What happens when an unstoppable force meets an immovable object? We’re about to find out. The Texans remain firm in their stance that star quarterback Deshaun Watson isn’t going anywhere. Watson would beg to differ. Furious at the team for not consulting him before hiring GM Nick Caserio or head coach David Culley (last year’s DeAndre Hopkins trade didn’t sit well with him either), Watson has been adamant he wants no part of the Texans and will do whatever he can to facilitate a trade.

With neither side giving an inch, this standoff could go on for quite some time. Many have wondered if Watson, in his quest to play anywhere but Houston, would be willing to sit out the entire season, a rare but not unprecedented measure. Le’Veon Bell staged a similar, season-long holdout in 2018, albeit under slightly different circumstances (because he never signed his franchise tag, Bell technically wasn’t on the Steelers’ roster).

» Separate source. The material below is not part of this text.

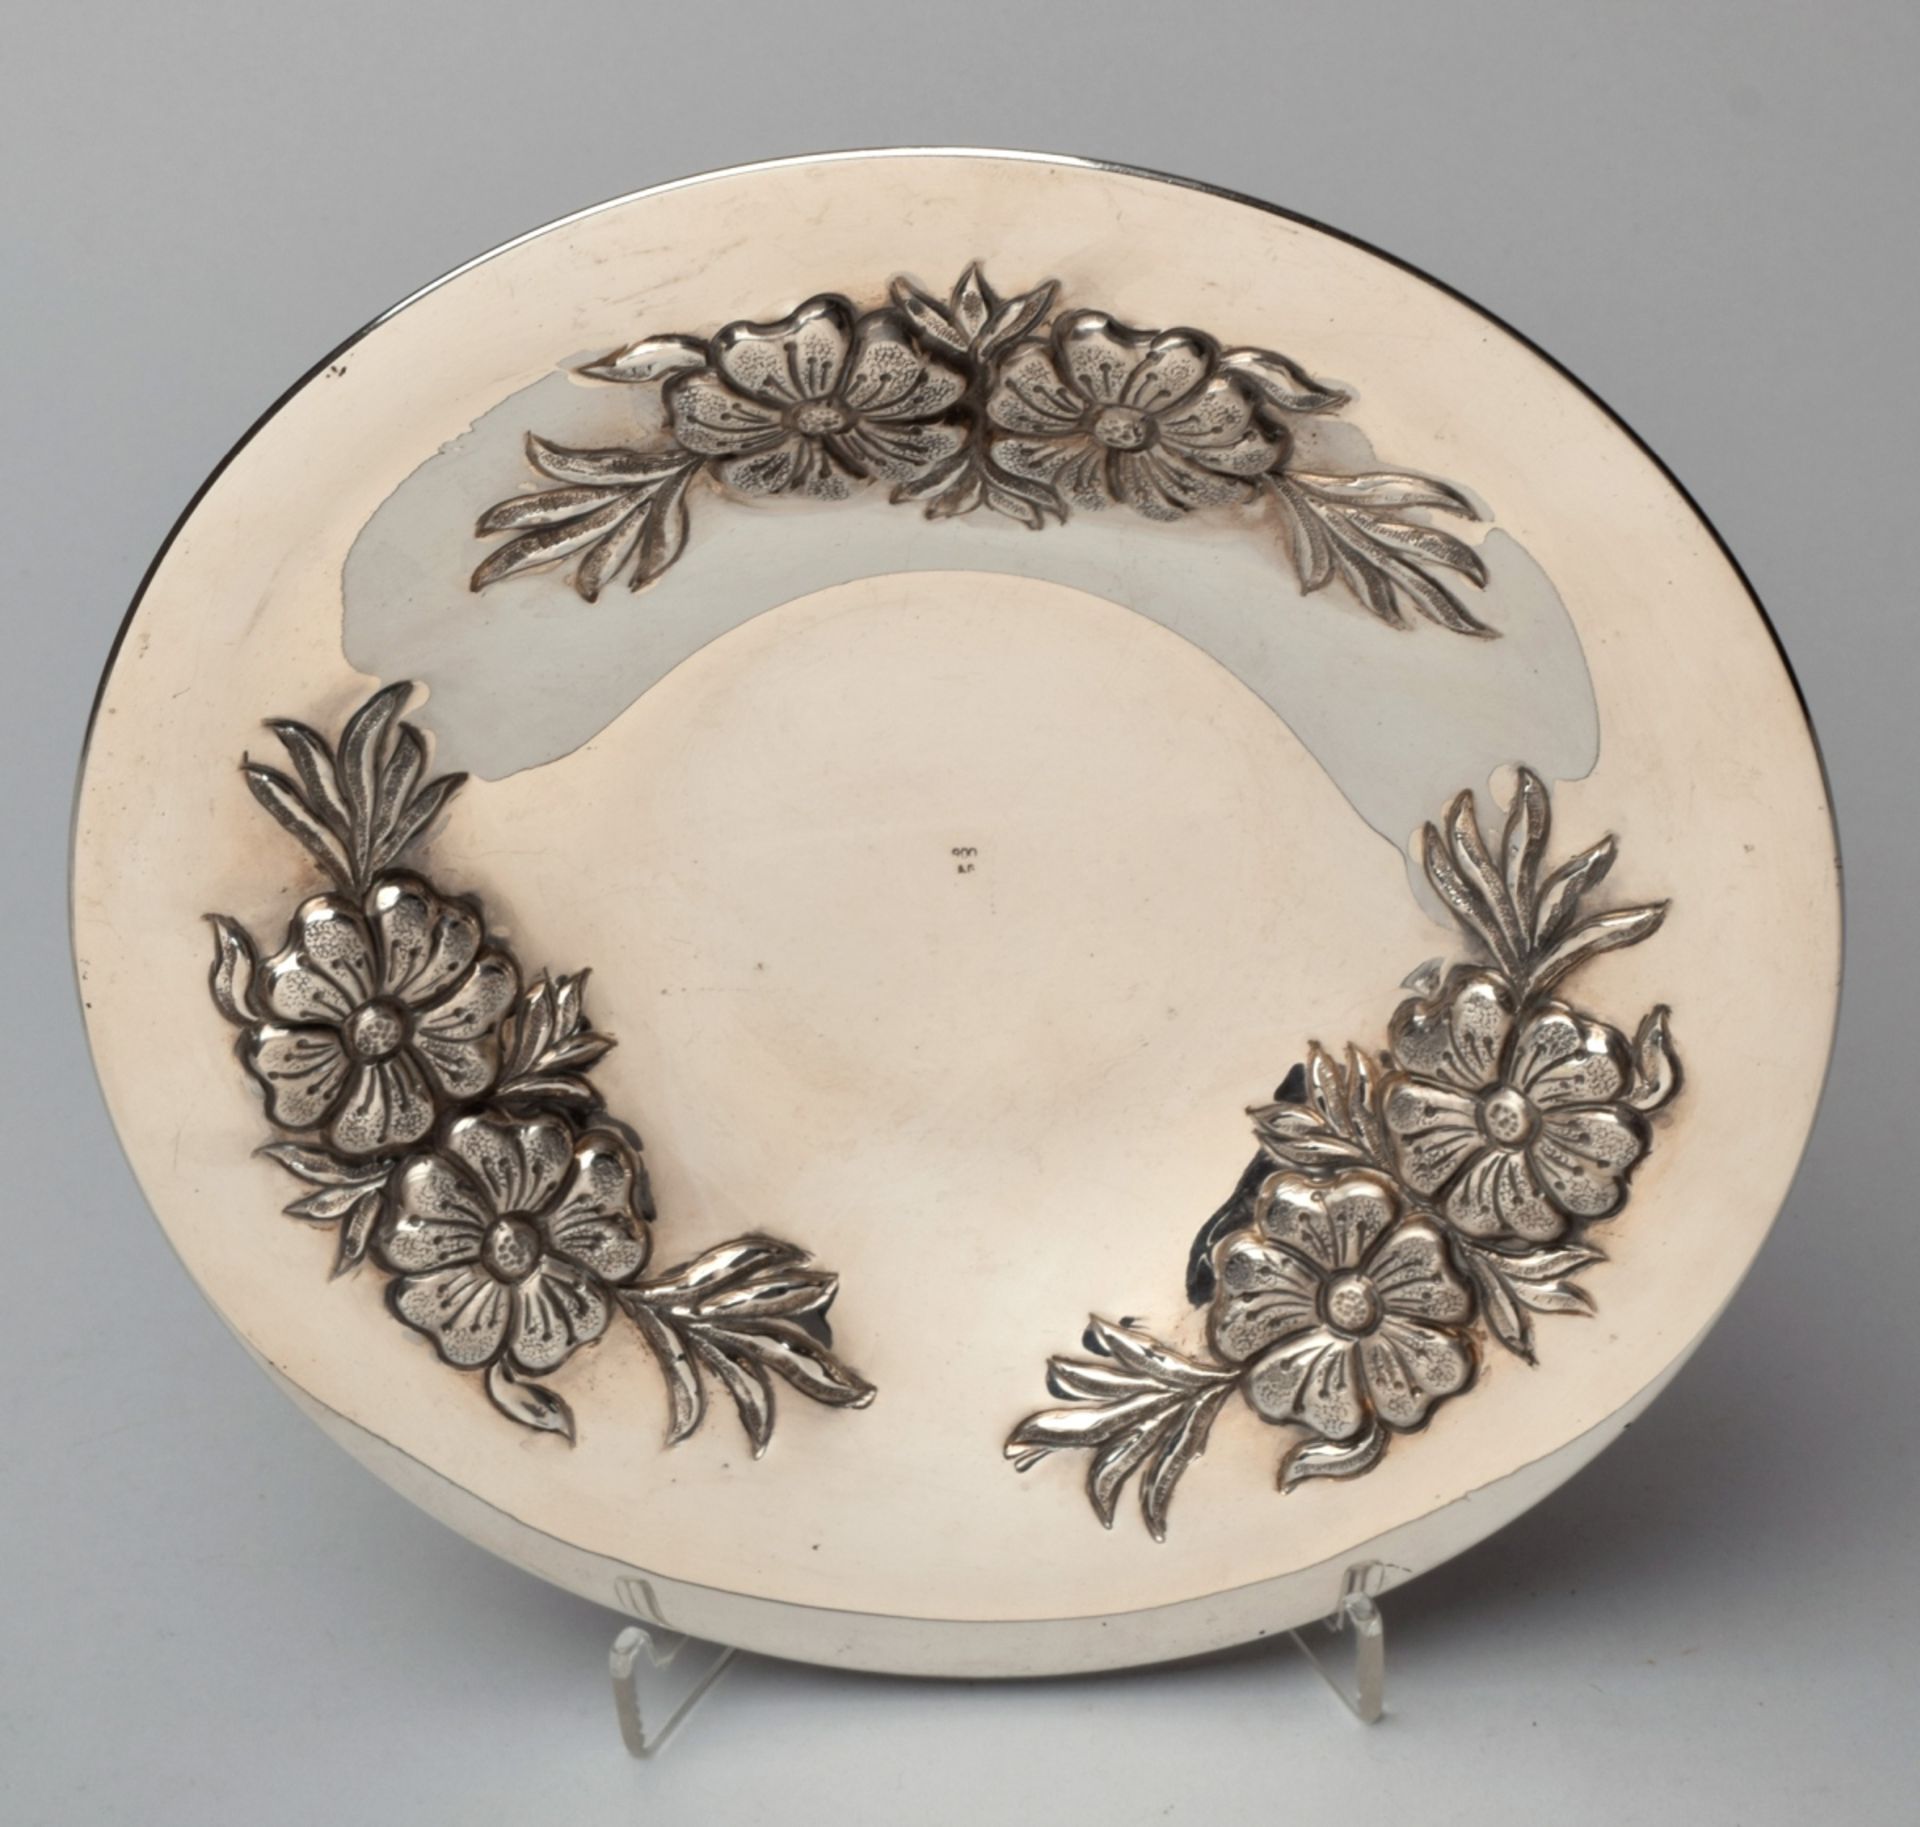 Schale Silber 900, undeutlich gemarkt, flach gemuldete Rundschale mit herausgearbeiteten Blütenmot - Bild 2 aus 2

If Houston continues to resist Watson’s increasingly desperate demands, and the 25-year-old remains steadfast in his intention to never play another down for the team that drafted him 12th overall in 2017, the Clemson product would forfeit over $20 million in combined salary and bonuses by sitting out the year, according to Mike Florio of ProFootballTalk on NBC Sports.

For starters, if Watson opts not to play, he’d be punting on a $10.54-million base salary. That figure could potentially rise to $11.16 million if the NFL moves to a 17-game regular season, a long-awaited change that many believe will finally come to fruition this year. Not suiting up in 2021 would also cost Watson his signing bonus, putting $5.4 million back in Houston’s pocket.

If Watson blows off the team’s mandatory minicamp in June, he’d be subject to a fine of $93,085. Florio calculated that at $50,000 a day, Watson would rack up an additional $1.7 million in fines for skipping all 34 days of Texans training camp. Assuming three preseason games, the Texans could deduct another $1.86 million if Watson no-shows for Houston’s exhibition slate this summer. That all adds up to $20.213 million. Plus, if Watson decides to play hooky all year, his contract would toll, meaning his $35-million base salary (that’s under the assumption of a 16-game regular season) in 2022 would be pushed back a year to 2023.

We’re really in the weeds now, but you get the idea. A lot can change between now and Week 1, but if both sides continue to dig in their heels, last year’s NFL passing yards leader would be on the hook for a hefty sum. That may not matter to Watson—he’s already pocketed over $40 million in career earnings. But it would to most players.